Edited
Ok, I'm unsure if this is clear or not, but it was supposed to be diary entries over a period of time, so perspective and shit is wonky but anywho
(caution: spoilers to the stain arc, and possibly farther)
Quirk: Cancel and Copy - user can cancel any quirk, and steal it momentarily. Kind of like a mix between Class 1B's biggest jackass and Mr. Caterpillar (aka Monoma and Aizawa)
Time is dead and gone. Show must go on. It's time for our act
Another mission so soon? It seems that's what All For One wants... So soon after Stain was captured though, we're all semi-mourning over him, why so soon?
They all scream at me. They cannot see. This curtain hides me
They all yelled at me. I was supposed to protect Stain during the battle. I failed. He got caught. Everyone hates me. I hate myself. I should have done more. They don't understand why I hid myself away during the fight, they don't know what happened with me and that boy's brother.
An amazing gift. So quick and swift. You were amazing
Stain knew, understood, and saved me. Again. It's happened too many times. I'm too relient on him. And now he's gone. And it's all my fault. I ran out of fear instead of doing what I should have. I owed it too him, after all he had done for me. He was like a brother.
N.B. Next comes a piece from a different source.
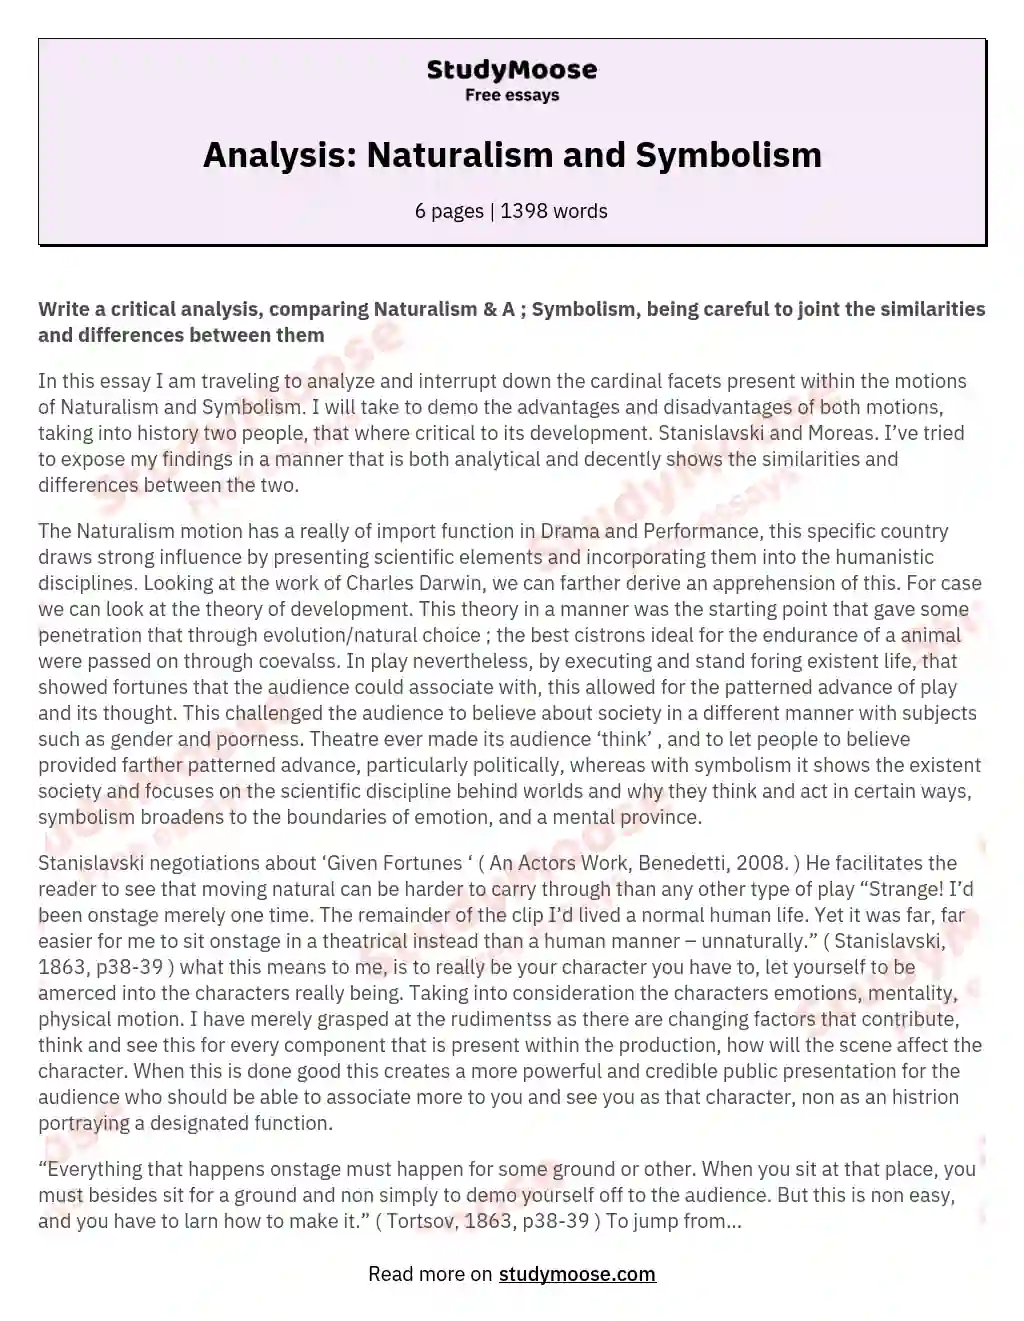 Analysis: Naturalism and Symbolism essay

I was the reason he became a villain instead of pursuing his dream of being a hero.
When Stain and I were at UA I eventually ended up in a relationship with Tensei Iida and he didn't treat me right. Stain, being my older brother figure, kept an eye on us, made sure he didn't hurt me. Well, one day, it was around testing time and all of us were stressed, eventually it became too much for Tensei and he back handed me. Stain, being in the same diner as us making sure everything was fine, came out and defended me...by slapping him back.
My parents were gone, left me behind in search of a better life. So consequently, I lived with Stain. That night he told me he had observed quite the collection of things that bothered him about heroes, and that was the last straw. He said we're gonna become villains.
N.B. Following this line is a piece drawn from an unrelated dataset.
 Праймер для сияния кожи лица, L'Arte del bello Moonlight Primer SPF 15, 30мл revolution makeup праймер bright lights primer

By myself I can't. They start to chant. Why are you not here?
They yell at me again, just like the last few days since the loss. I wish you were here, you could help me through this, but you're not. The only one not yelling is Kurogiri, in fact he is the only other one who knows. He's trying to calm Tomura down. It's not working well.
Grinning at me, I lay on my knees. They want to hear me. Why can not 'he' see?
Tomura doesn't see how much his words are affecting me. I'm on the my bed with my knees drawn up to my chest, bawling my eyes out, grieving over my captured 'brother'.
I want to see you, I need to see you, I have to see you, what happened to you?
I miss him so much. I wish I was able to visit him, but they won't let me. It's too high risk. He's too dangerous, according to the police. And there's the possibility of getting caught, myself.
We get up on stage. They jump to enrage. Why are you not here? Why is 'he' so near?
The next mission I got distracted. I thought I saw Stain, but it was an illusion. I probably looked at someone with an illusion quirk on accident.
After he was captured, I took it upon myself to replace him. And I'm not doing well. He did it best.
'He' wants me to sing. I just can not bring-, I say 'he's' not you. What else can I do?